Corticotrophin-releasing factor (CRF) is important in regulating behavioral and physiological responses to stressors. We sought to specifically understand the role of CRF neuron regulation in fear and stress responses by utilizing transgenic mice lacking NMDA-mediated excitation within CRF neurons.
In experiment 1 we fear conditioned mice by pairing an auditory tone with an aversive foot shock. One day later we measured fear responses and extinction to the tone in the absence of shock. Wildtype males and all females exhibited normal extinction, whereas knockout males showed enhanced fear expression and impaired fear extinction .

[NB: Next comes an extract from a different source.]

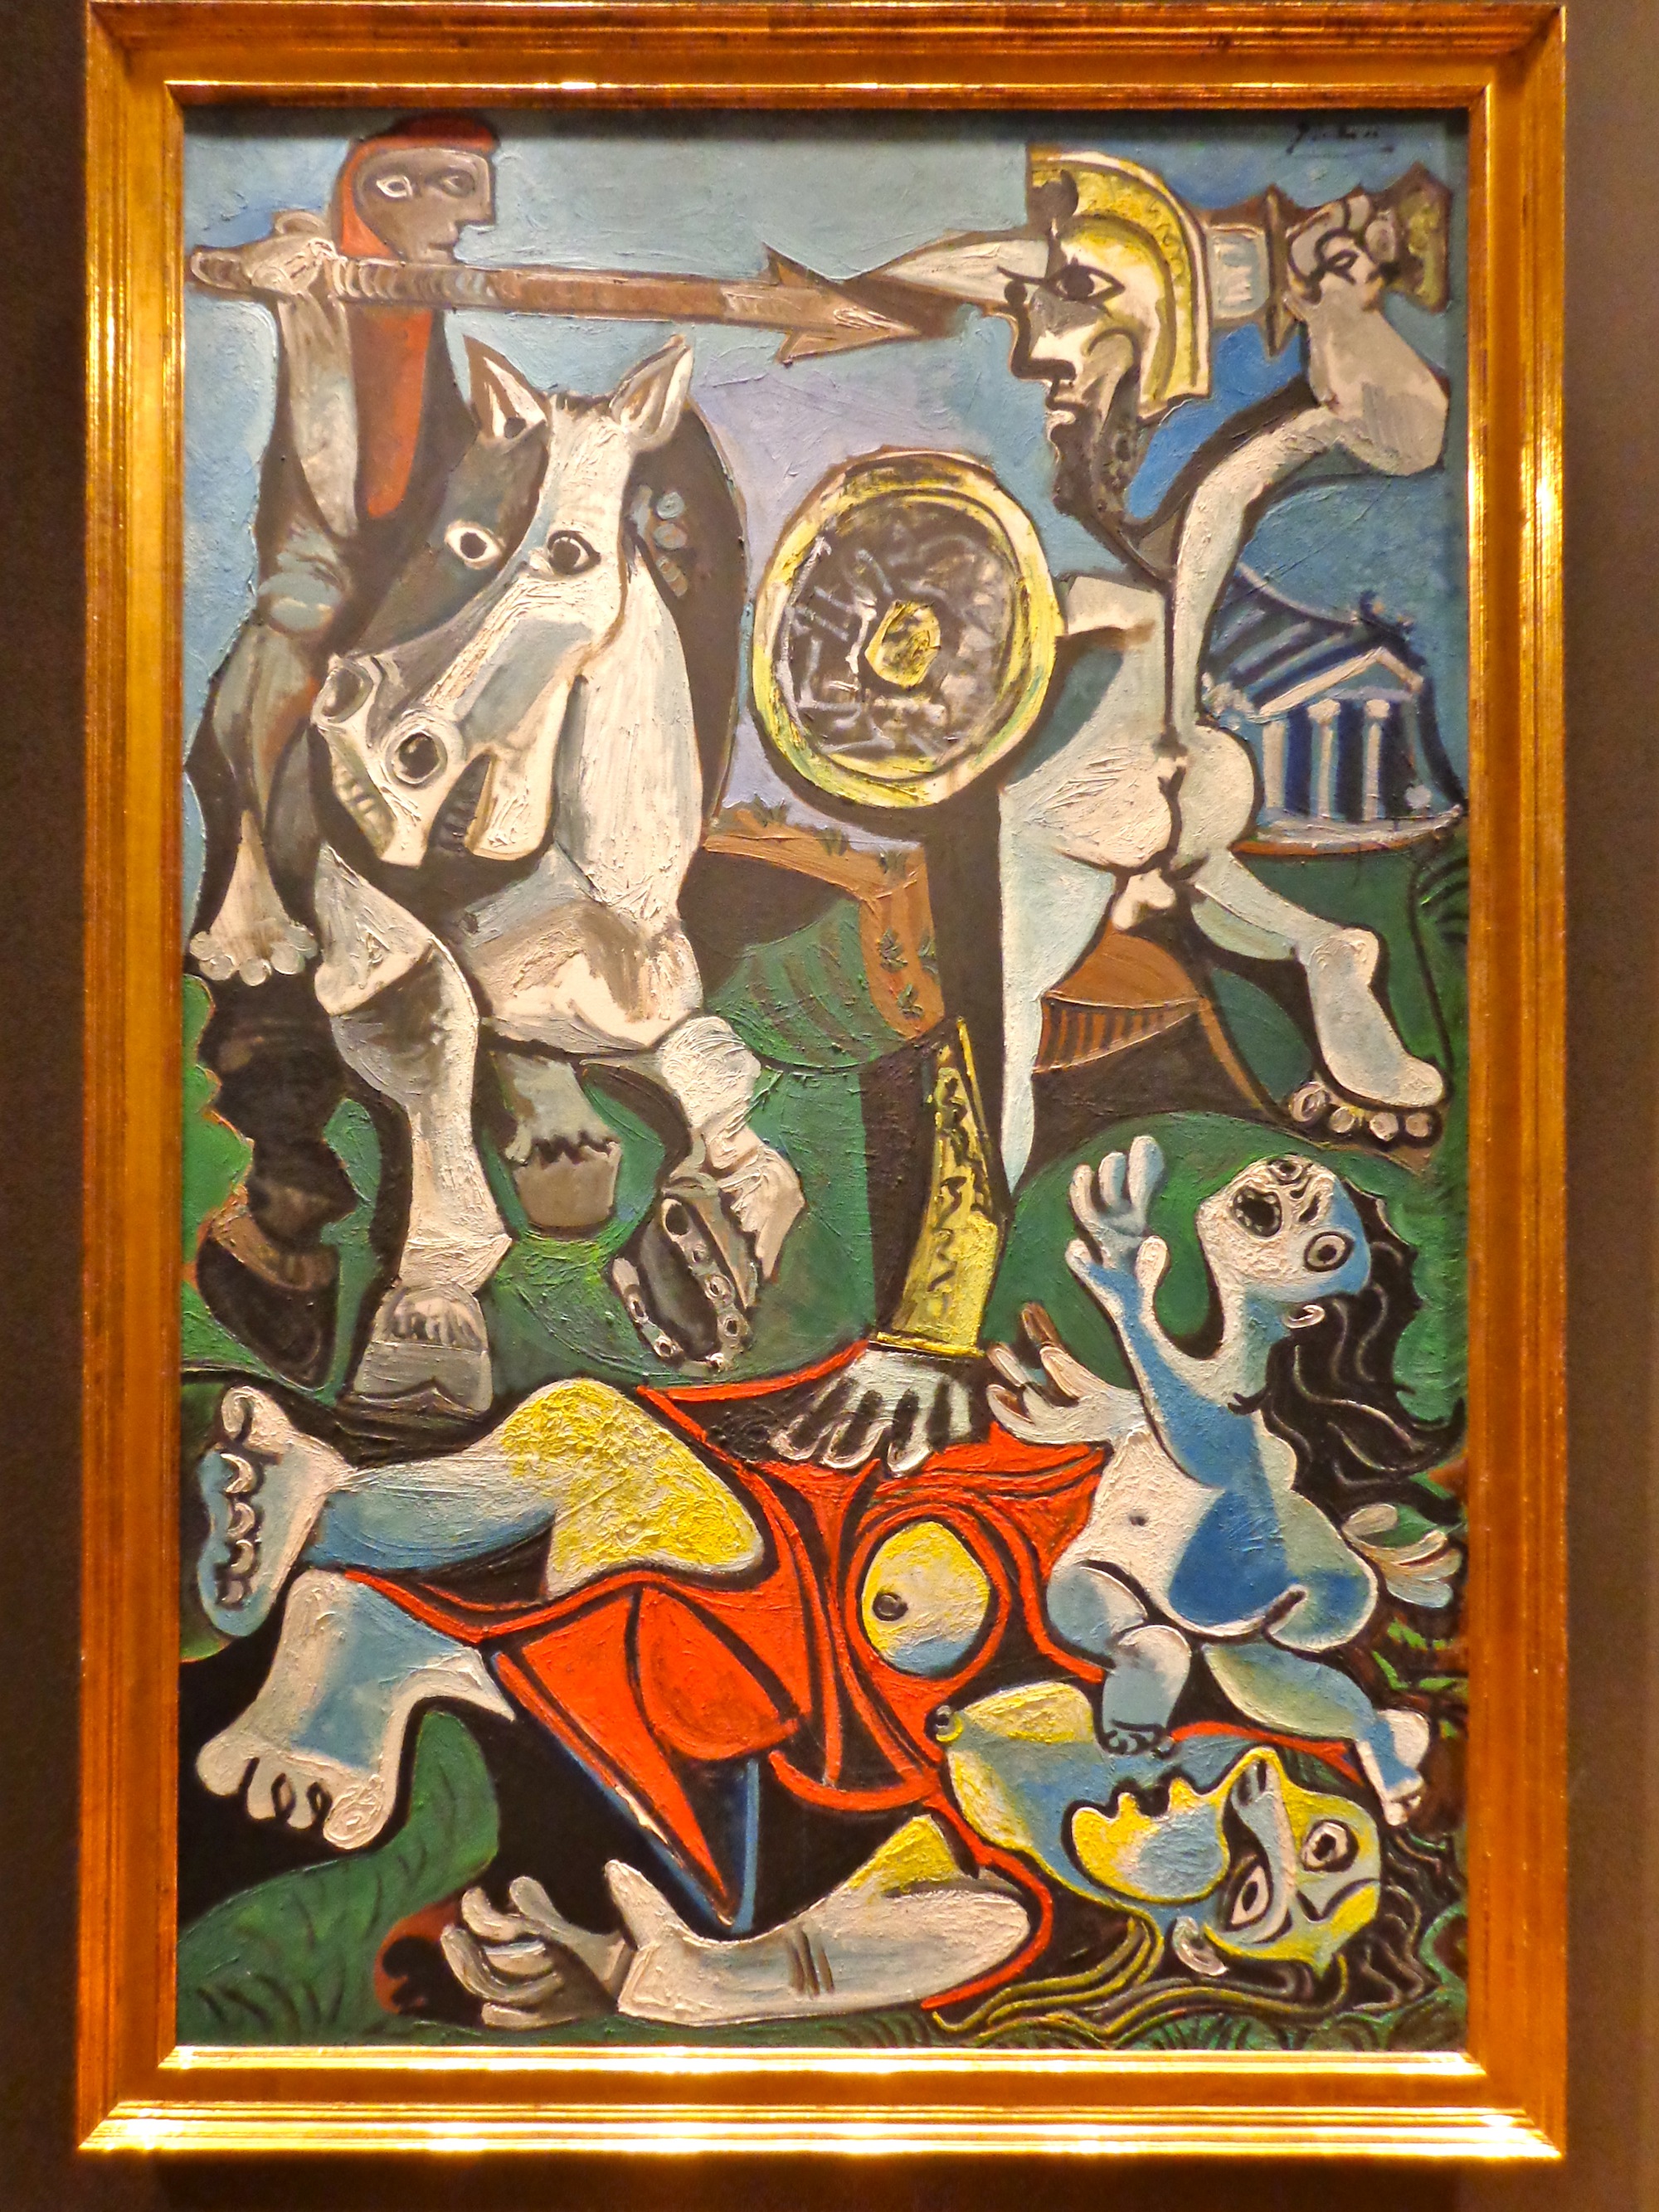 Pablo Picasso, "Rape of the Sabine Women," 1963

In experiment 2 we examined naïve social interaction by measuring the amount of time experimental mice spent interacting with novel target mice versus unoccupied chambers. Knockout males displayed increased sociability compared to wildtype males, whereas females showed no significant genotype effect.
Finally, in experiment 3 we tested the socialization behavior of male mice after defeat stress. Defeats occurred 4 times per day for two consecutive days (8 total defeats), and involved placing an experimental mouse in the home cage of an aggressor mouse that naturally defends its territory. Twenty-four hours after the last defeat, social interaction testing indicated that knockout males susceptible to defeats exhibited enhanced social withdrawal compared to wildtypes.
Together, these experiments revealed differences in fear expression, sociability, and stress responsiveness in a genotype-specific manner in males, but not in females. These findings indicate that within CRF neurons, NMDA receptor signaling plays an essential role in inhibiting risk-related behaviors in a sex-specific manner.